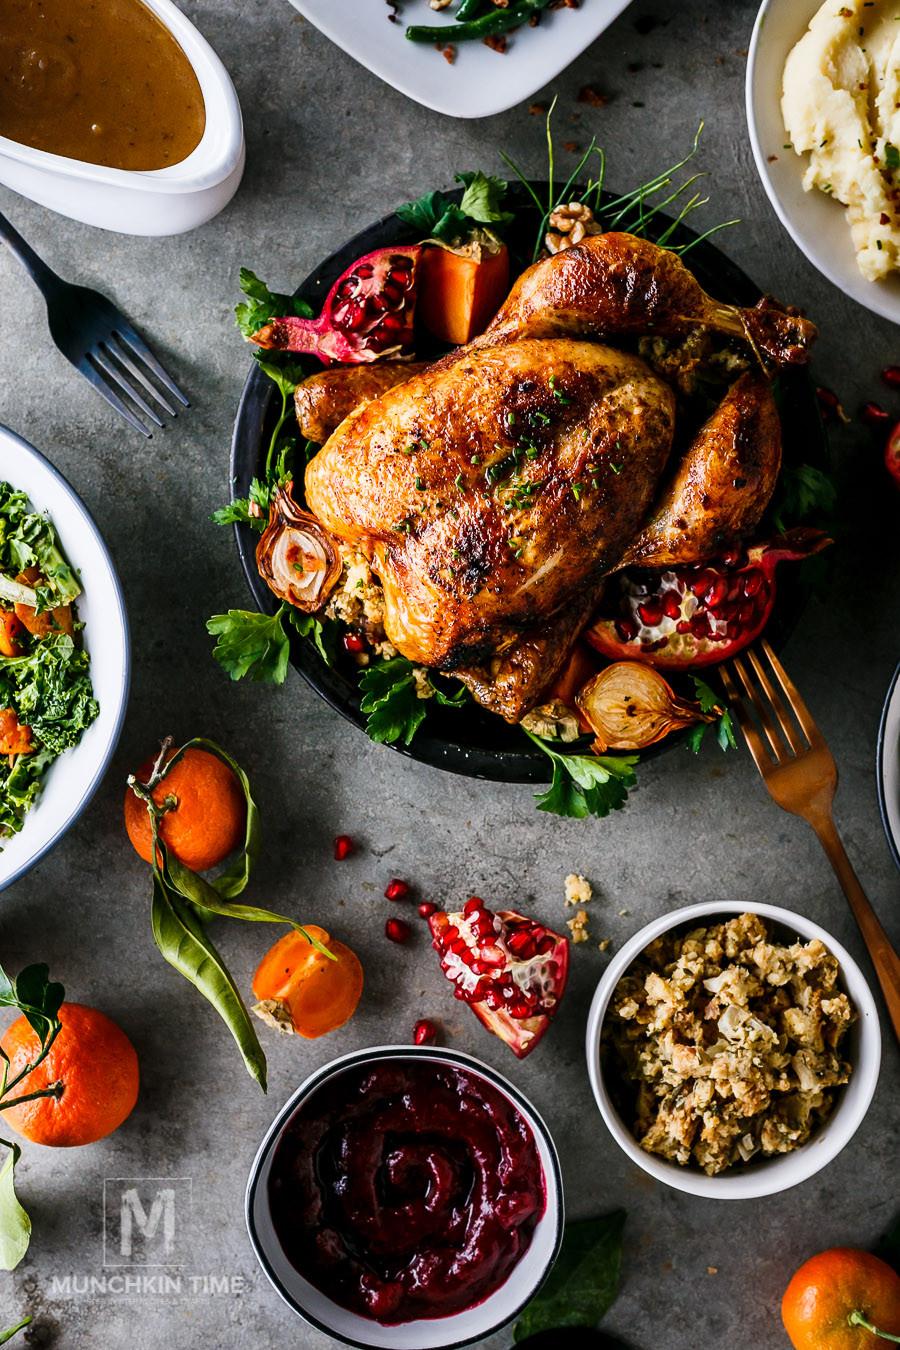 Ideas For Thanksgiving Dinner  7 Thanksgiving Dinner Ideas 2017 Munchkin Time
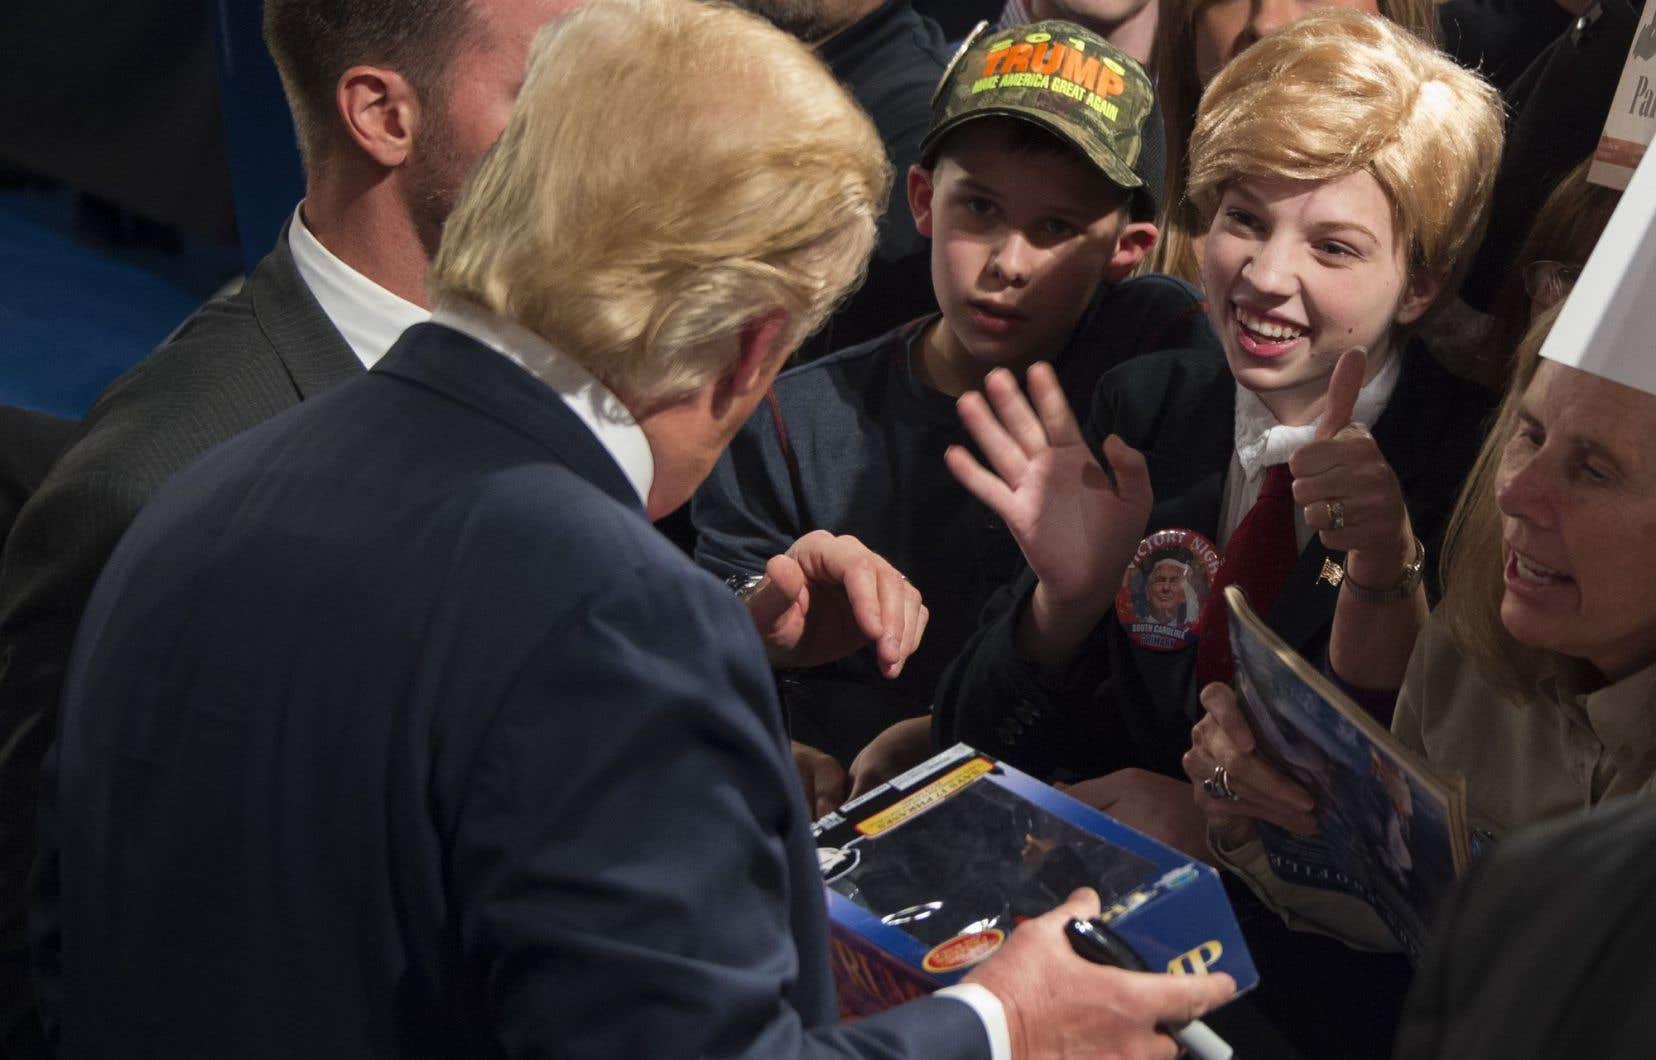 Donald Trump a rencontré une jeune fille habillée à son image lors d'un rassemblement partisan à Sumter, en Caroline du Sud.
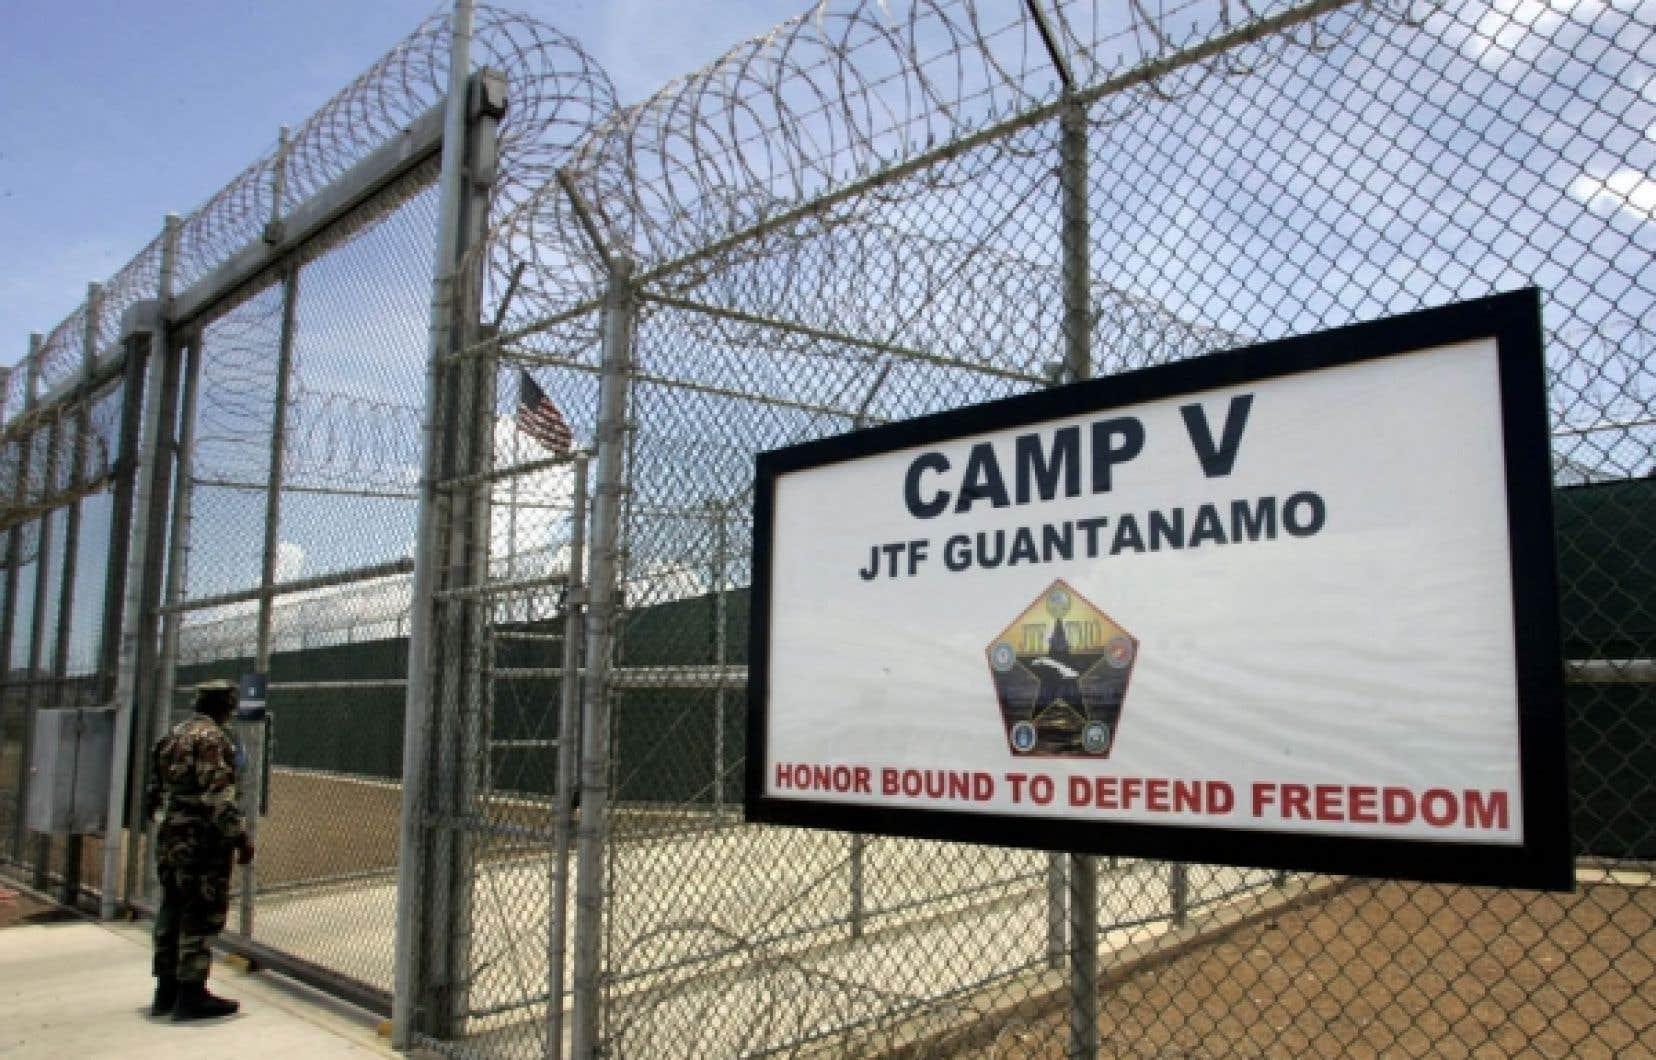 Malgré l'engagement de Barack Obama de fermer la prison avant janvier 2010, une loi votée par le Congrès et promulguée fin décembre empêche de facto la réalisation de cet objectif.
++++++
Work to be completed: Where the data includes pictures, leave them out and write out everything else exactly.

Result:
 Ideas For Thanksgiving Dinner  7 Thanksgiving Dinner Ideas 2017 Munchkin Time
 Donald Trump a rencontré une jeune fille habillée à son image lors d'un rassemblement partisan à Sumter, en Caroline du Sud.
 Malgré l'engagement de Barack Obama de fermer la prison avant janvier 2010, une loi votée par le Congrès et promulguée fin décembre empêche de facto la réalisation de cet objectif.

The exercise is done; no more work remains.